36.2552° N, 112.6979° W

 

Havasu Falls, Grand Canyon National Park 36.2552° N, 112.6979° W


 

10:47am! Camp site right along Havasu Creek

In total, it took us about 5 hours to get to our site- moving time of 4:24. The body is going to feel this in a couple of days, haha! What a hike just to get here. Something out of a dream really. 

Mooney Falls isn't too far from the camp ground. But the hiking gets a lot more fun! Now here is what got me. Ha! Jess momentarily freaked out at Angel's landing, yet scaling down a rock wall holding wet chains, step by step down wet rocks and slick wood ladders seemed like it didn't phase her. I peered over the edge from the second landing outside of the rock tunnel and thought****. Haha! Totally worth it....

12:30pm - IT WAS EPIC

View from above and below Mooney Falls

Mooney Falls

The turquoise is the result of dissolved calcium carbonate and magneseum. 

I was disappointed with what I've seen shared on the web. I mean, all of the major falls are incredible and they deserve every bit of glory, but the hikes to, from and in-between the major falls were my favorite part of this Havasupai experience. It was just an all around good time. There was plenty of shade cover and hiking up and around rock cliffs was awesome. 

We live in the midwest. Nowhere near me, can I experience the blue green water, and traversing terrain hiking like this. Its so much fun walking in and over the creek. Back and forth wandering, making your way down to Beaver Falls. 

 
 

73° F


I'm pretty sure my garmin recorded the distance wrong, but I believe the Beaver Hike is between 8 and 9 miles. It took us about 2.5 to 3 hours to get down to Beaver Falls. 

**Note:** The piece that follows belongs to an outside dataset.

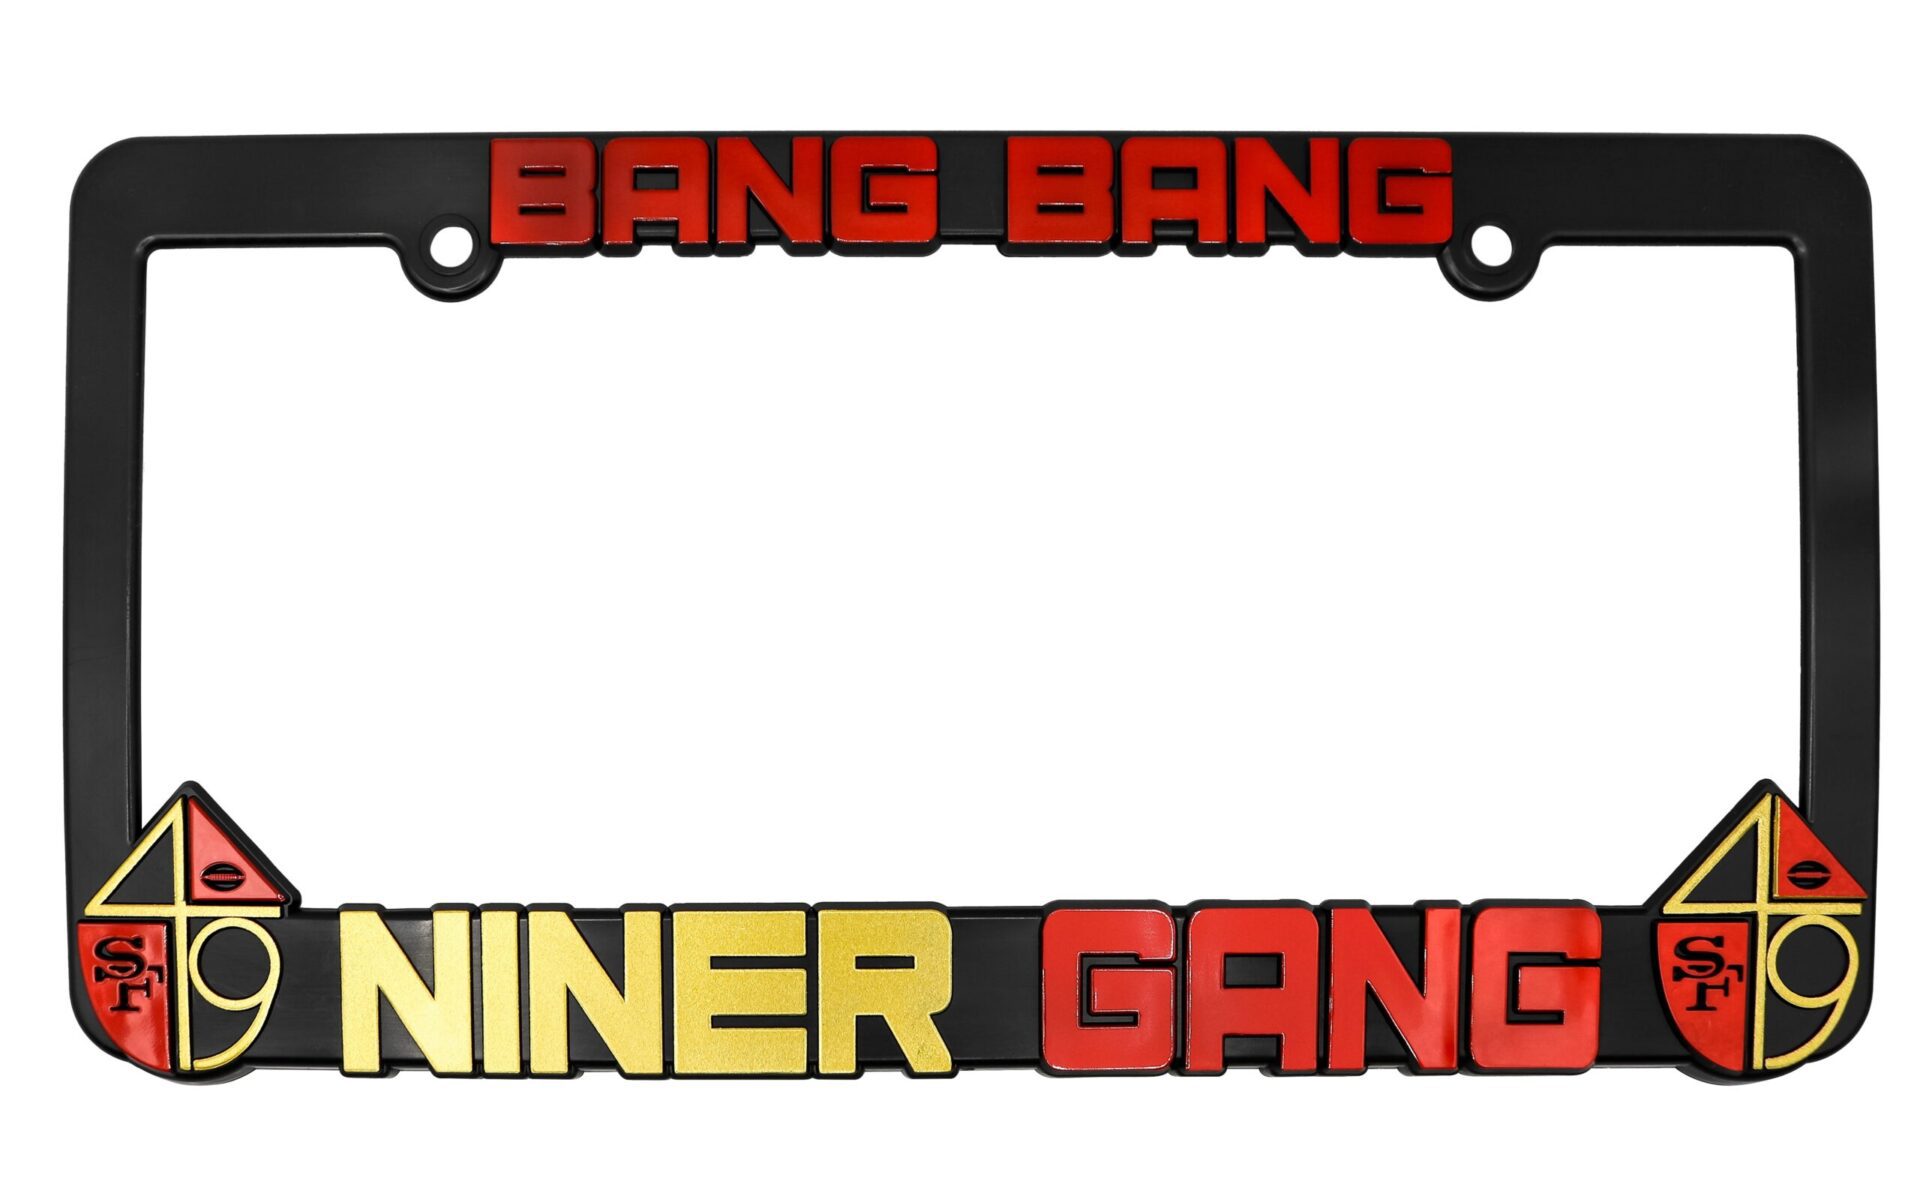 San Francisco 49ers “Bang Bang Niner Gang” License Plate Frame

The trails are winding and there are tons of off shoots. Plenty of different routes and places to get lost. And again, the the falls within the creek are mesmerizing. It's tough do anything but smile. We saw a few different people swimming in the less popular spots which was also our preference.

 

The crowds seem to steer clear of the longer hikes no matter where you go and it really didn't seem like this was any exception. We did see people, but really no more than I could count on two hands. 

1:30pm - I love Beaver ;)

2:07pm - Tent City, Here We Come!

 
Limitless and immortal, the waters are the beginning and end of all things on earth.
— Heinrich Zimme

7:30pm

We packed a good amount of food. PB&Js, freeze dried fruit, granola bars, and dehydrated camp food. There is a well in the campground so clean drinking water wasn't an issue. I feel like at this point in the day, I would've eaten anything. We really hadn't eaten much throughout the day because we were on the move! My beef pho was so damn good, demolished a few PB&Js as an appetizer and had freeze dried blue berries for dessert!  

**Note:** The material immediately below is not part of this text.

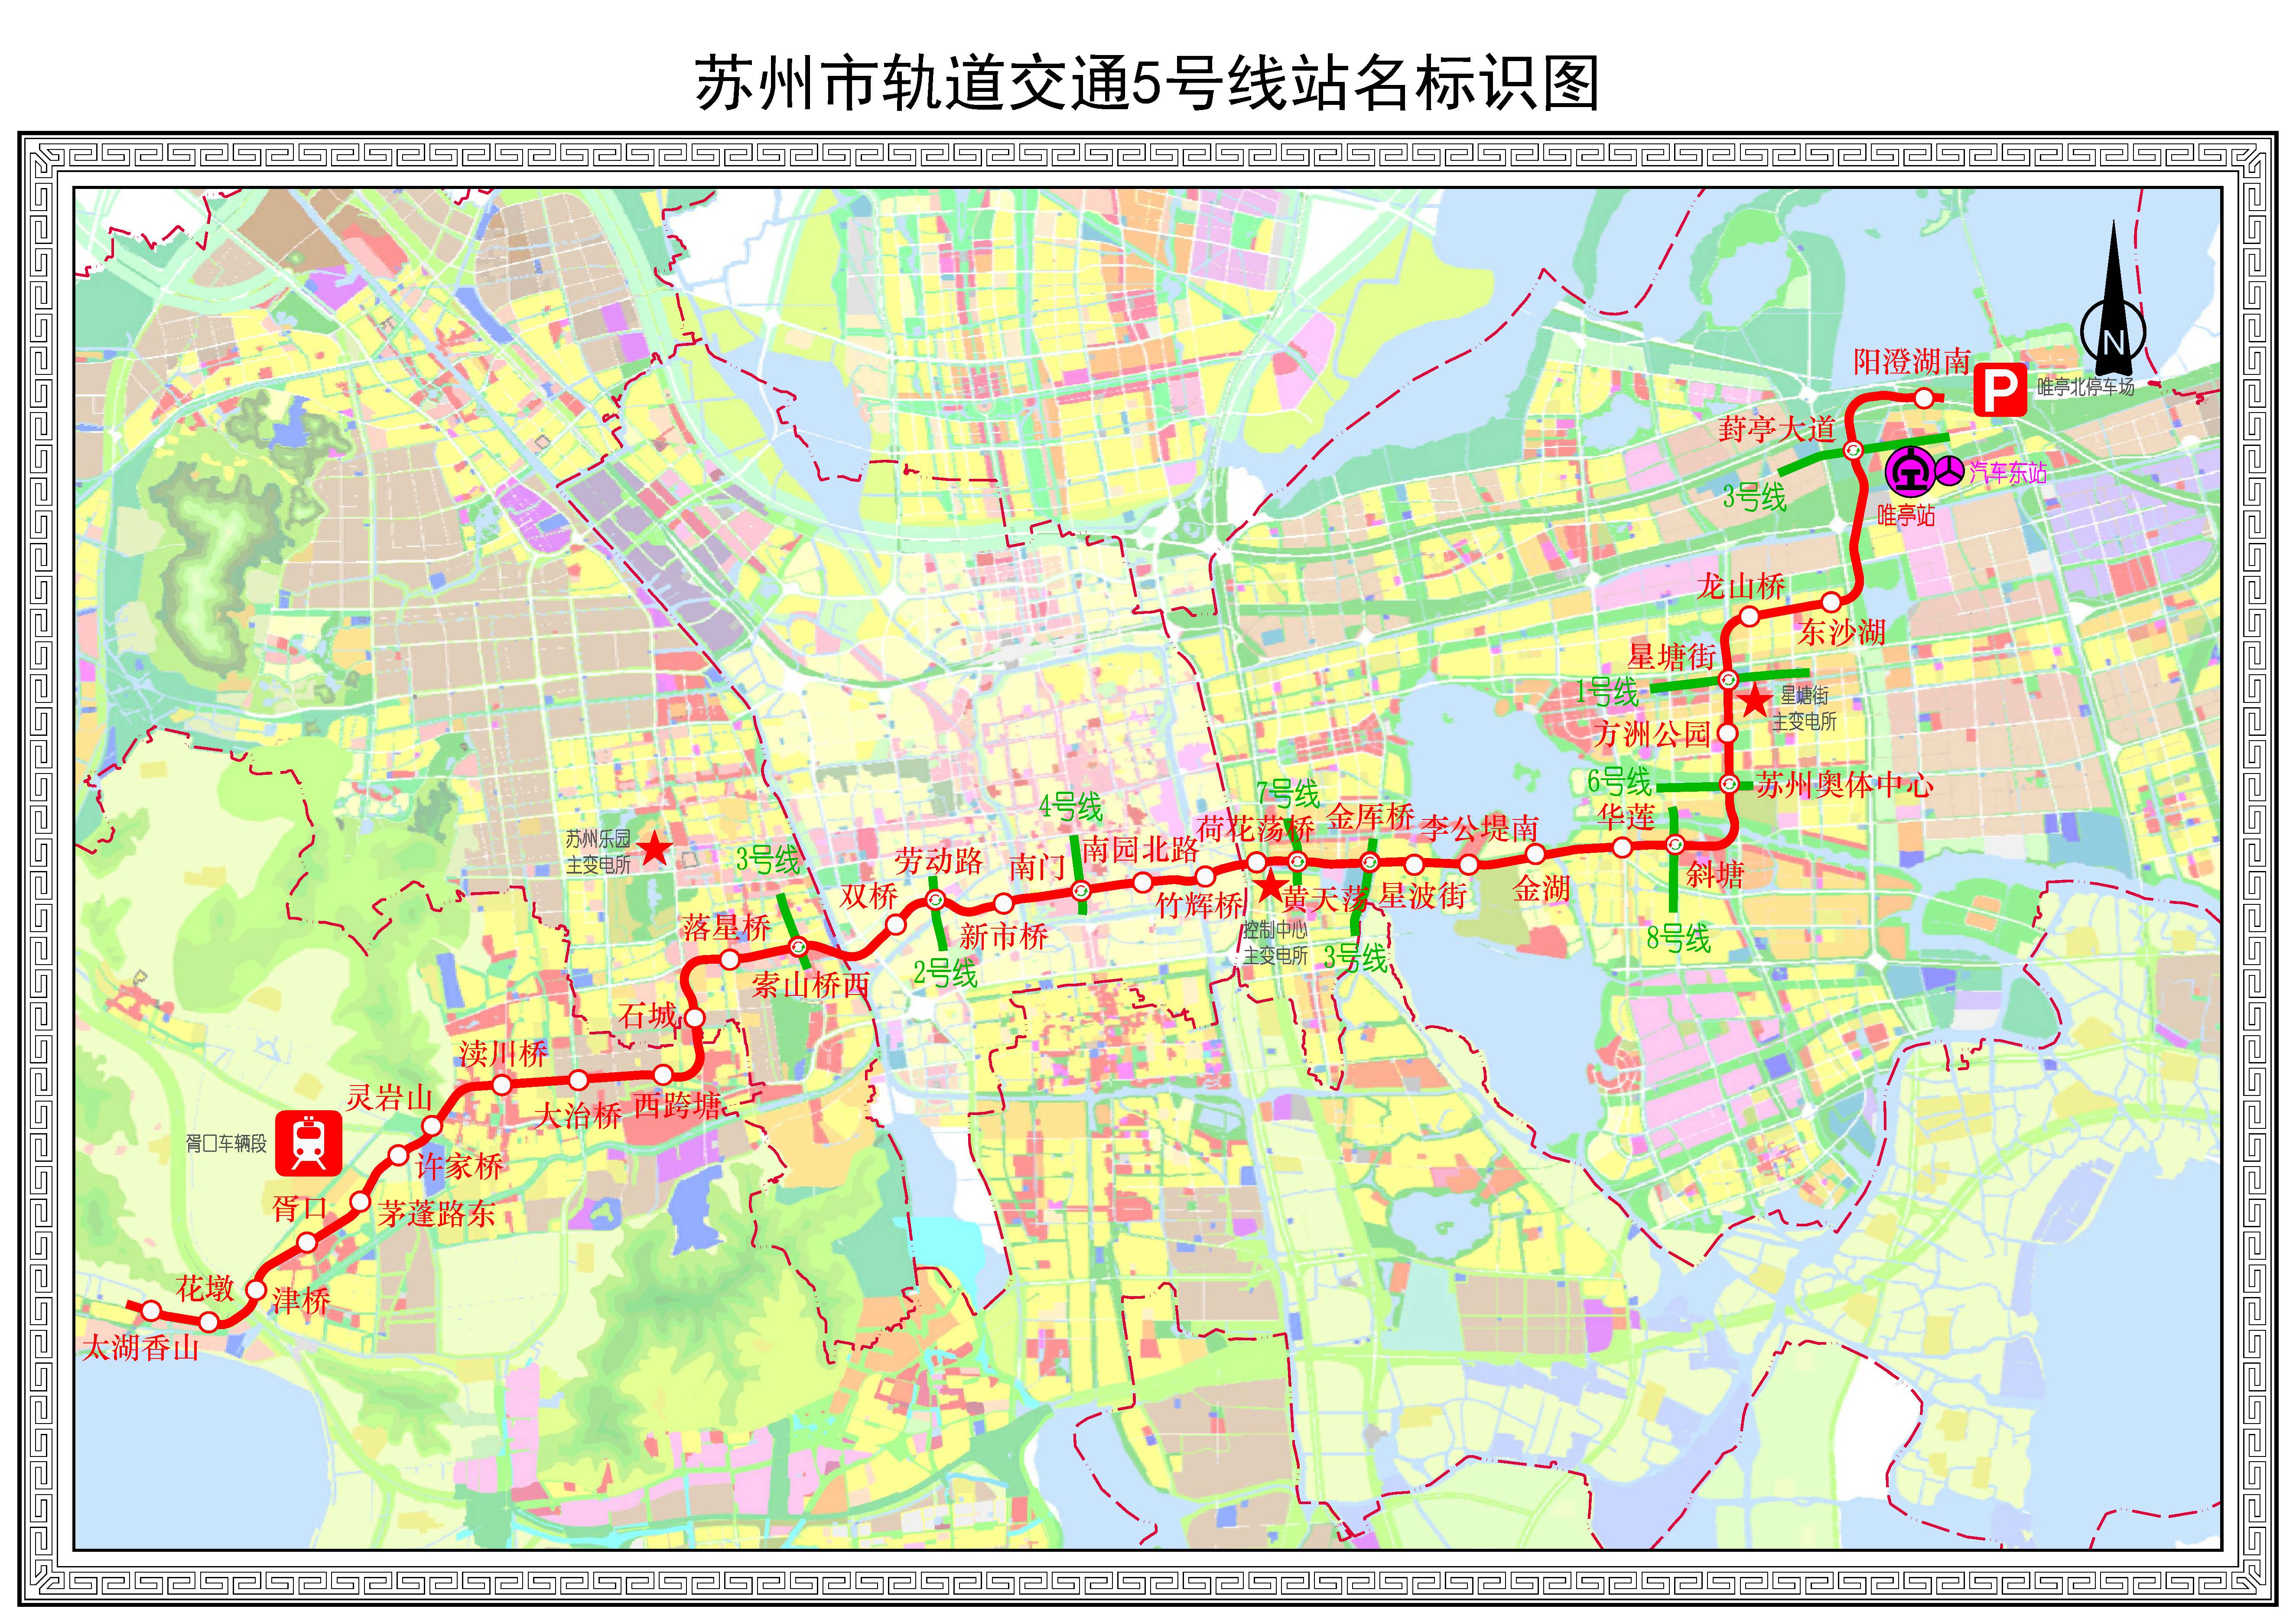 蘇州軌道交通5號線站名標識圖

Now I see the secret of making the best person: it is to grow in the open air and to eat and sleep with the earth.
— Walt Whitman

Havasu Creek, 3ft. from our tent :)

March 12th, 2018

6am - 7:51am - Up & At It!

We were up  and at it early. And this morning, we actually ate breakfast. Broke down camp and packed our bags. Another note people, please pack out your trash! It was disgusting to see what inconsiderate  people leave behind and it's extremely frustrating!  

Since we only had a one-night camping permit, we planned on stopping at Havasu Falls and 50ft falls on our way out and then it was a hike right back up the Grand Canyon where the truck was parked. 

7:52am - Thank you for the hospitality!

 

The forever changing Havasu creek. 

Havasu Falls

Havasu Creek starts out above the canyon wall as a small trickle of snow run-off and rain water. This water meanders on the plains above the canyon for about 50 miles (80 km) until it enters Cataract Canyon (also known as Havasu Canyon). It then reaches Havasu Springs, where an underground source feeds the creek. (excerpt from wikipedia) Its just crazy to think a small run off turns into this. Incredible. 

Navajo Falls, which is right below Fifty Foot Falls

2:15pm The hike out from the camp site took about 6 hours with stopping to take pictures and eat. We had a total of 5 hours of moving time. We gained a total of 2,600ft of elevation gain on the hike out. Man, that hike out is a tough one but we lucked out again with the weather at sunny and 67 degrees.